Chris Stephen is the author of Judgment Day: The Trial of Slobodan Milosevic, published by Atlantic Books
ARMENIAN GENOCIDEThe Turkish massacre of one million Armenians during the First World War was the crime that spurred the Polish jurist Raphael Lemkin to give the world the word "genocide". And it was the British government that pulled the plug on planned prosecutions.
After the First World War a new Turkish regime took Britons hostage and persuaded London to put pressure on the League of Nations to drop war crime trials for their release.
AUGUSTO PINOCHETFormer Chilean dictator Augusto Pinochet was arrested in Britain on a Spanish extradition warrant in 1998 while visiting a doctor in London.
Prosecutors in Spain accused him of murdering Spanish citizens during massacres he carried out after a coup in the 1970s.

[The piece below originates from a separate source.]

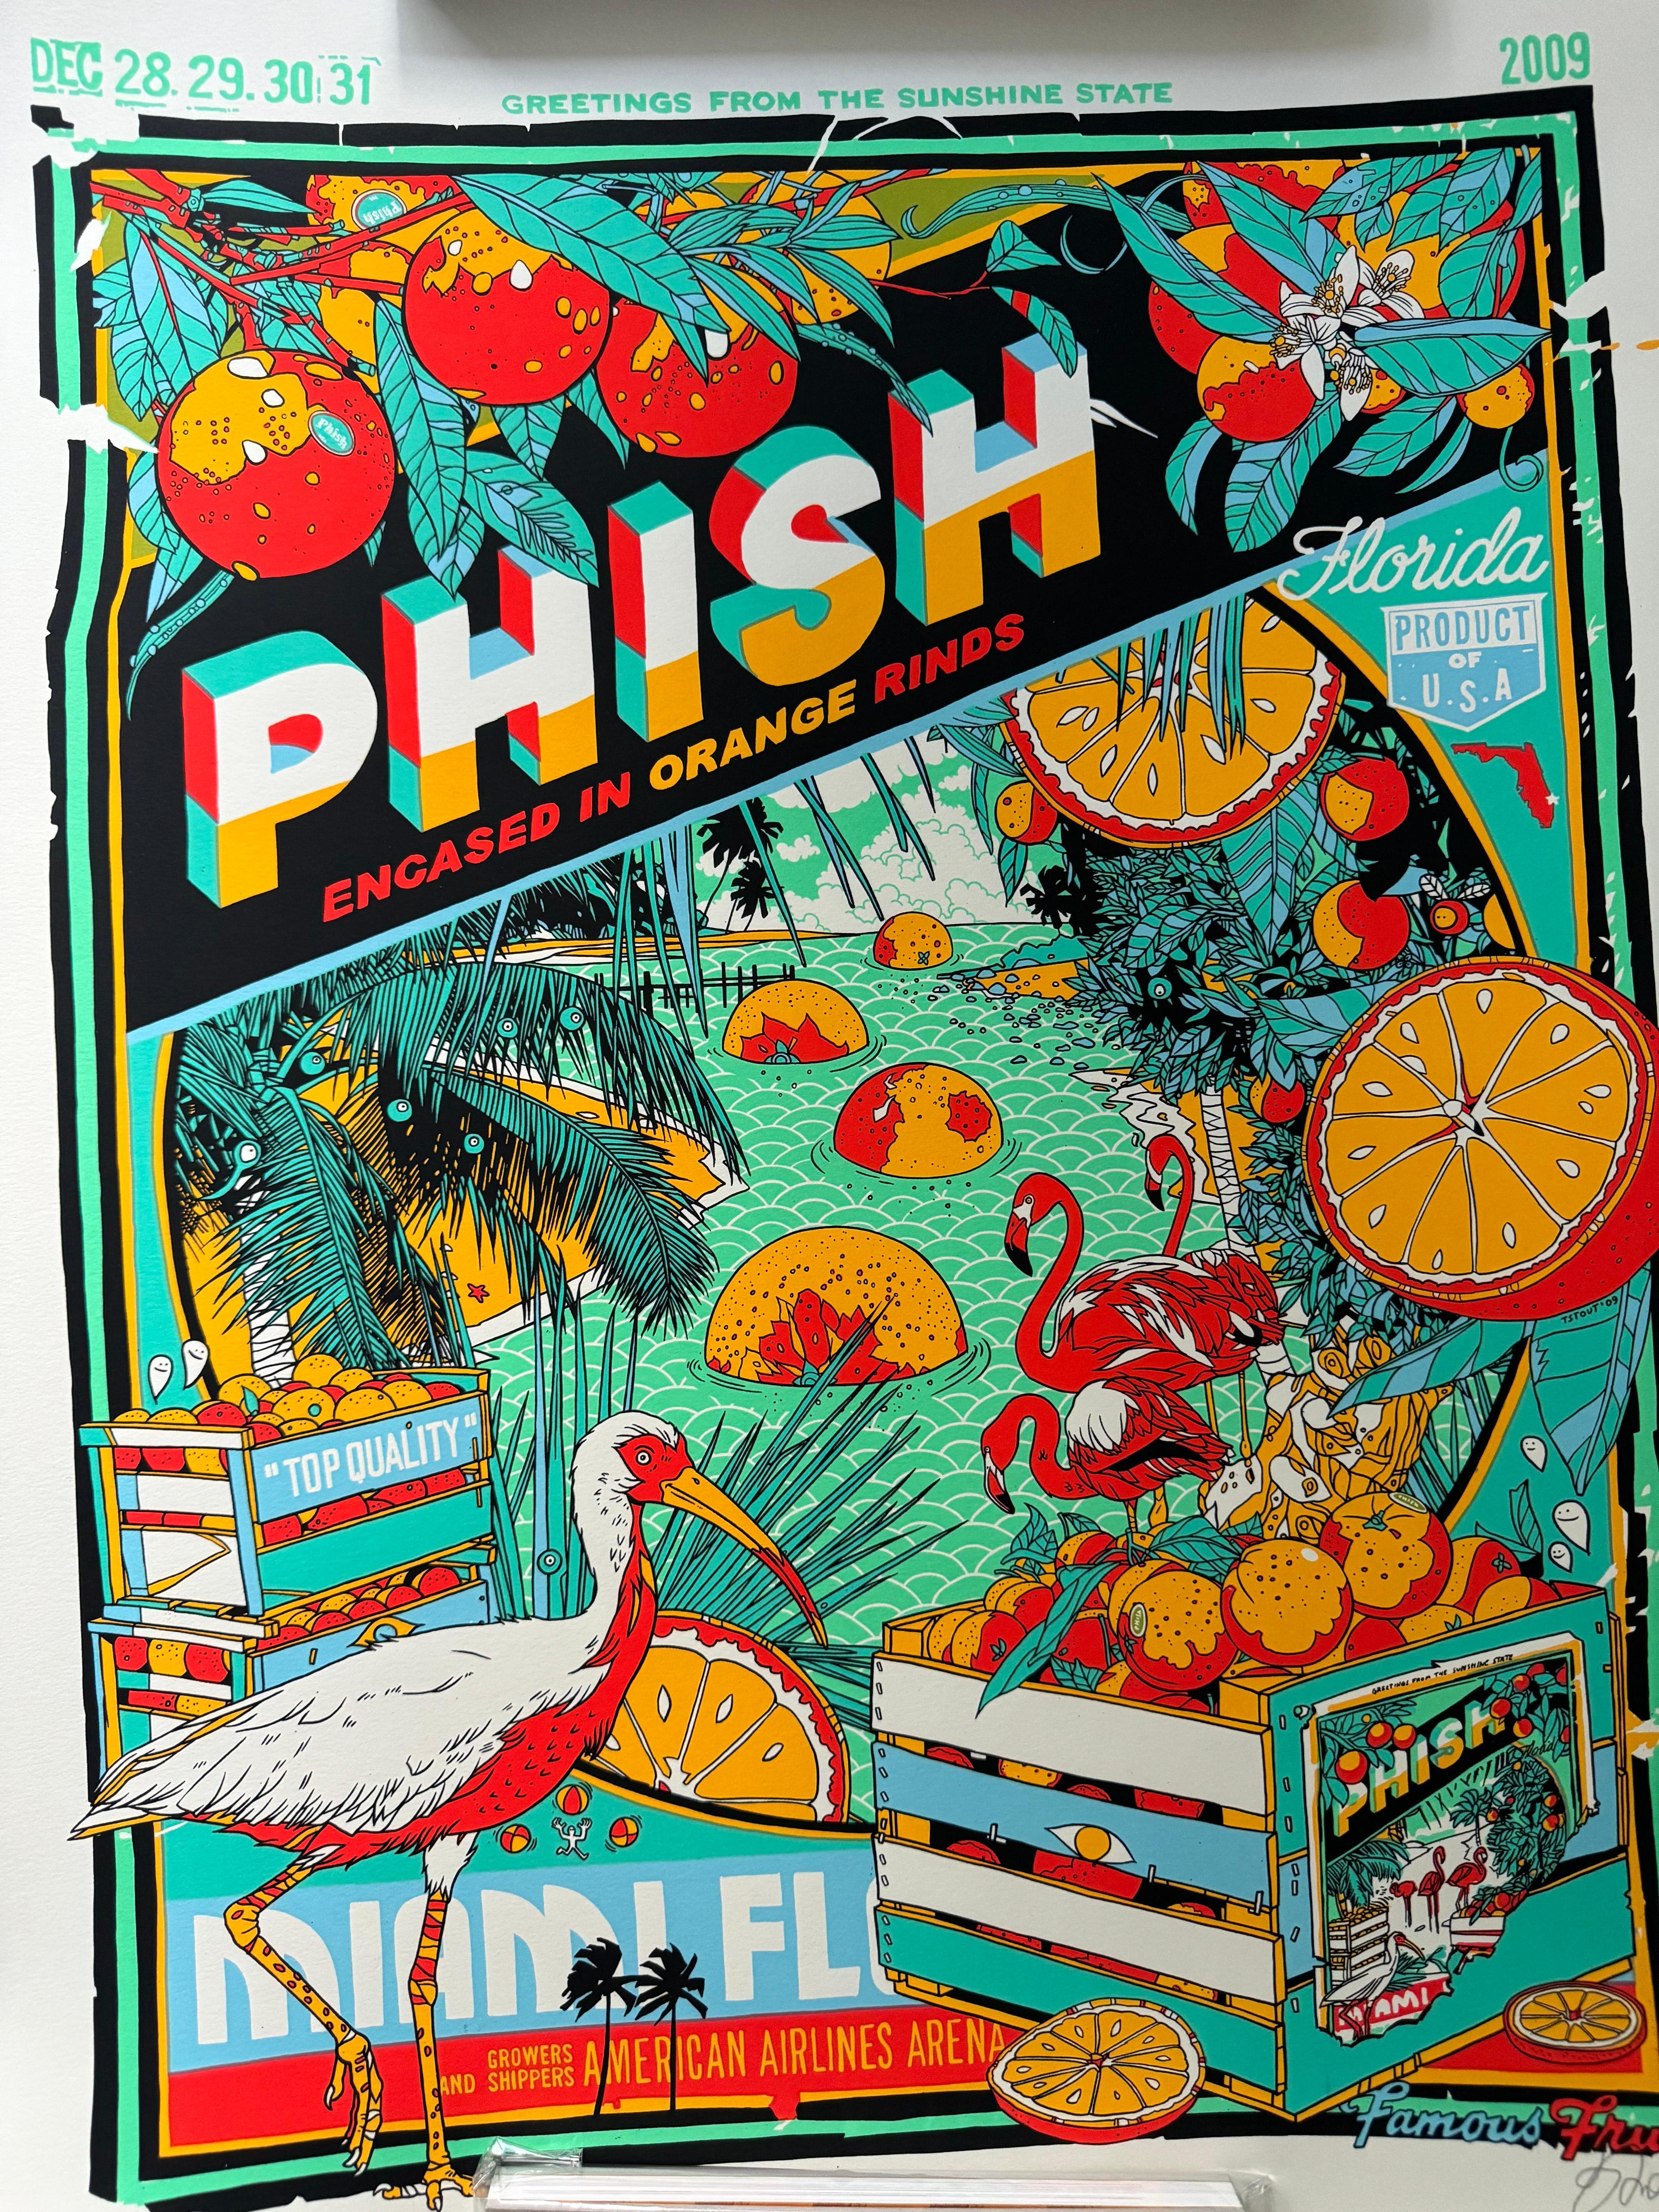 phish magazine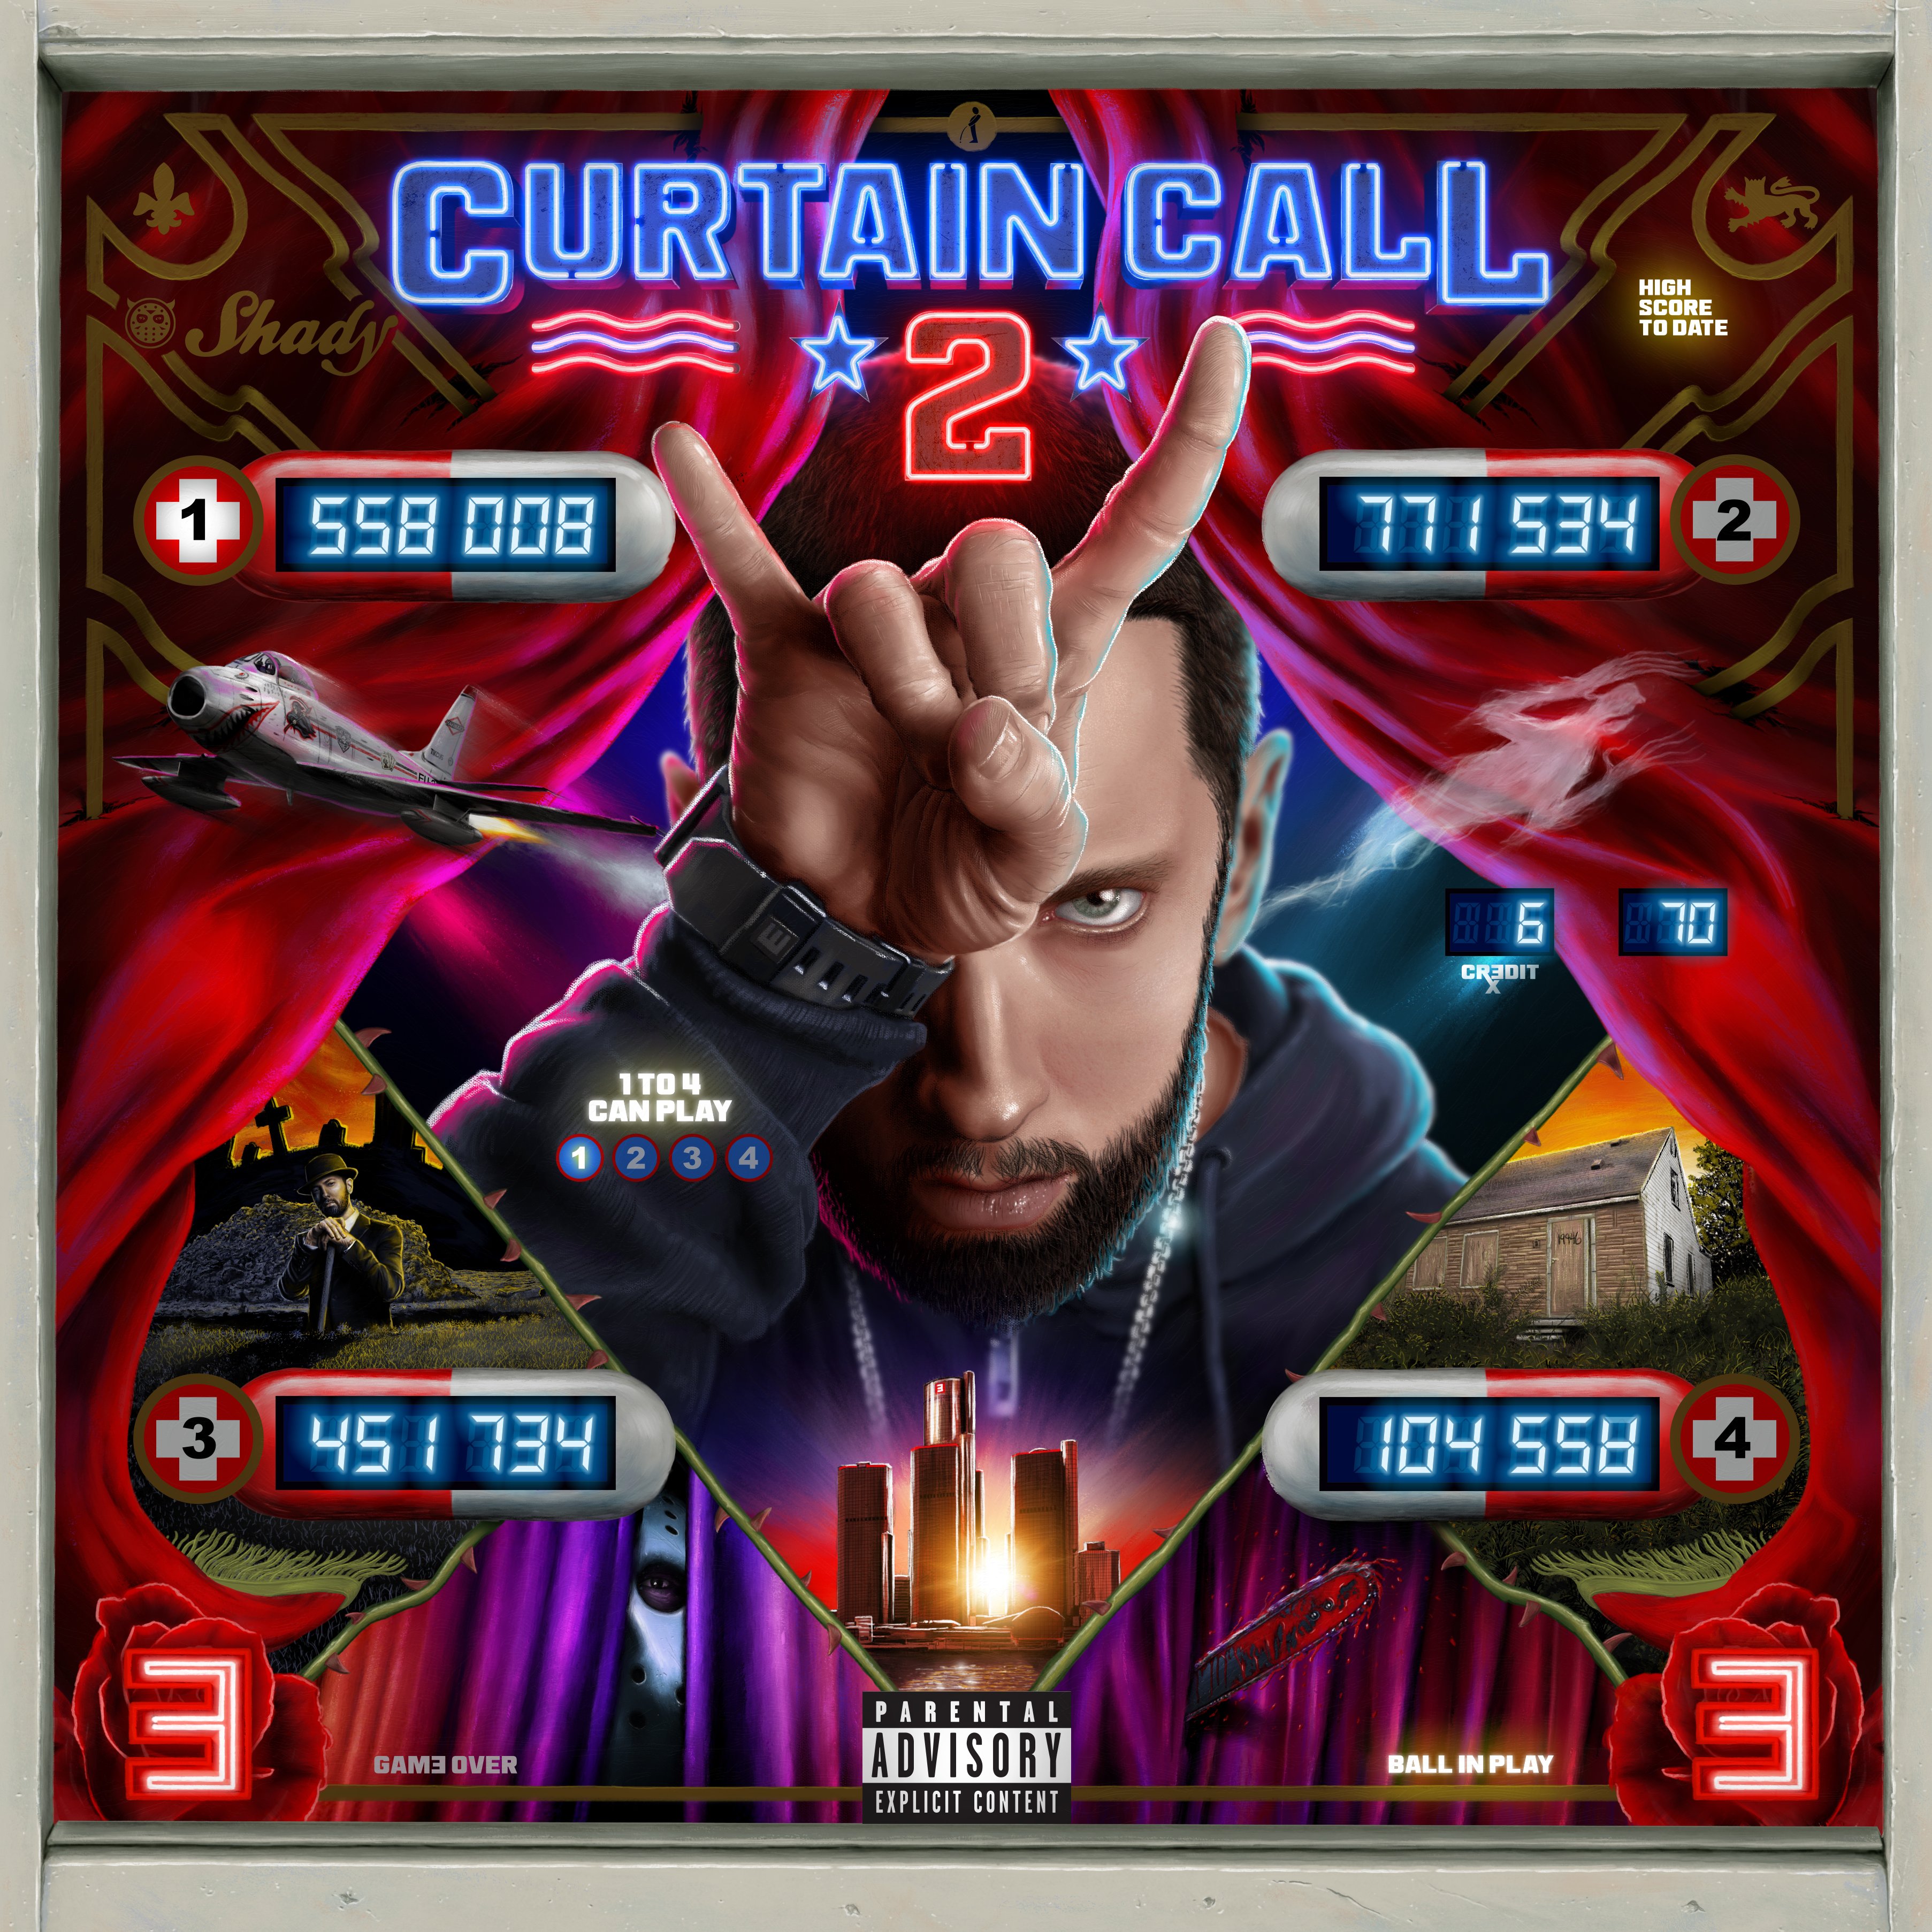 promo : Eminem's Curtain Call 2 album

Although the British courts found the charge inadmissible, they agreed to a new one, that of a breach of the international Torture Convention, with the law lords ruling that being head of state did not give immunity from war crimes.
But Chile applied pressure on London and former home secretary Jack Straw gave way. He ruled, on the basis of medical evidence that was not made public, that Mr Pinochet was too ill to stand trial. He was allowed to fly home.
RADOVAN KARADZICIn 1995, former Bosnian Serb president Radovan Karadzic slaughtered 7,000 unarmed Muslims at Srebrenica.
Richard Goldstone, chief prosecutor of the Hague Tribunal, feared the war crimes court might be negotiated away as the price for peace, and so rushed through a genocide charge against Karadzic and his army commander, Ratko Mladic. The move worked, the court remained in place and last summer, after 13 years on the run, Karadzic was finally arrested in Belgrade. Mladic remains on the run.